In order to avoid all the clients to start reconnecting at the same time
schedule the reconnect dwork +[0,8] seconds late

Fixes: 6a98d71daea1 ("RDMA/rtrs: client: main functionality")
Signed-off-by: Danil Kipnis <danil.kipnis@cloud.ionos.com>
Signed-off-by: Md Haris Iqbal <haris.iqbal@cloud.ionos.com>
---
 drivers/infiniband/ulp/rtrs/rtrs-clt.c | 14 ++++++++++++--
 1 file changed, 12 insertions(+), 2 deletions(-)

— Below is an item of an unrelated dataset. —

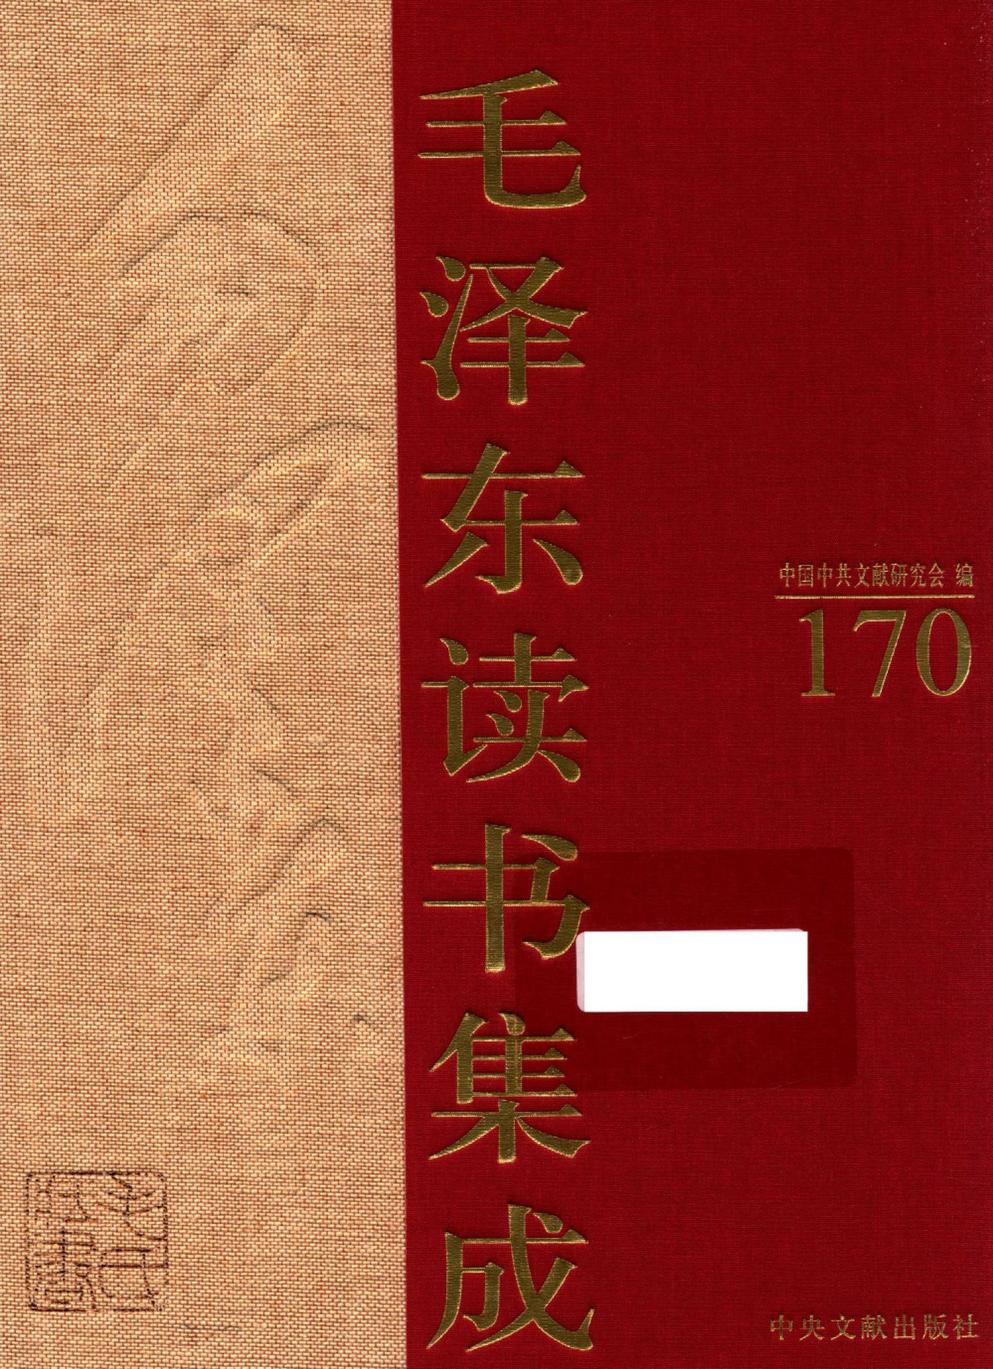 毛泽东读书集成（第170卷）-1

diff --git a/drivers/infiniband/ulp/rtrs/rtrs-clt.c b/drivers/infiniband/ulp/rtrs/rtrs-clt.c
index 564388a85603..5b31d3b03737 100644
--- a/drivers/infiniband/ulp/rtrs/rtrs-clt.c
+++ b/drivers/infiniband/ulp/rtrs/rtrs-clt.c
@@ -12,6 +12,7 @@
 
 #include <linux/module.h>
 #include <linux/rculist.h>
+#include <linux/random.h>
 
 #include "rtrs-clt.h"
 #include "rtrs-log.h"
@@ -23,6 +24,12 @@
  * leads to "false positives" failed reconnect attempts
  */
 #define RTRS_RECONNECT_BACKOFF 1000
+/*
+ * Wait for additional random time between 0 and 8 seconds
+ * before starting to reconnect to avoid clients reconnecting
+ * all at once in case of a major network outage
+ */
+#define RTRS_RECONNECT_SEED 8
 
 MODULE_DESCRIPTION("RDMA Transport Client");
 MODULE_LICENSE("GPL");
@@ -306,7 +313,8 @@ static void rtrs_rdma_error_recovery(struct rtrs_clt_con *con)
 		 */
 		delay_ms = clt->reconnect_delay_sec * 1000;
 		queue_delayed_work(rtrs_wq, &sess->reconnect_dwork,
-				   msecs_to_jiffies(delay_ms));
+				   msecs_to_jiffies(delay_ms +
+						    prandom_u32() % RTRS_RECONNECT_SEED));
 	} else {
 		/*
 		 * Error can happen just on establishing new connection,
@@ -2503,7 +2511,9 @@ static void rtrs_clt_reconnect_work(struct work_struct *work)
 		sess->stats->reconnects.fail_cnt++;
 		delay_ms = clt->reconnect_delay_sec * 1000;
 		queue_delayed_work(rtrs_wq, &sess->reconnect_dwork,
-				   msecs_to_jiffies(delay_ms));
+				   msecs_to_jiffies(delay_ms +
+						    prandom_u32() %
+						    RTRS_RECONNECT_SEED));
 	}
 }
 
-- 
2.25.1


^ permalink raw reply related	[flat|nested] 6+ messages in thread

* [PATCH 2/3] RDMA/rtrs-srv: only call put_device when it's in sysfs
  2020-07-24 11:15 [PATCH 0/3] Number of fixes for rtrs Md Haris Iqbal
  2020-07-24 11:15 ` [PATCH 1/3] RDMA/rtrs-clt: add an additional random 8 seconds before reconnecting Md Haris Iqbal
@ 2020-07-24 11:15 ` Md Haris Iqbal
  2020-07-24 12:28   ` Jason Gunthorpe
  2020-07-24 11:15 ` [PATCH 3/3] RDMA/rtrs: remove WQ_MEM_RECLAIM for rtrs_wq Md Haris Iqbal
  2020-07-29 17:28 ` [PATCH 0/3] Number of fixes for rtrs Jason Gunthorpe
  3 siblings, 1 reply; 6+ messages in thread
From: Md Haris Iqbal @ 2020-07-24 11:15 UTC (permalink / raw)
  To: danil.kipnis, jinpu.wang, linux-rdma, dledford, jgg, leon, bvanassche
  Cc: Md Haris Iqbal

From: Jack Wang <jinpu.wang@cloud.ionos.com>

There are error case we will call free_srv before device kobject
initialized, in such case we shouldn't call put_device, otherwise
a Warning will be generated, eg:

kobject: '(null)' (000000009f5445ed): is not initialized, yet kobject_put() is being called.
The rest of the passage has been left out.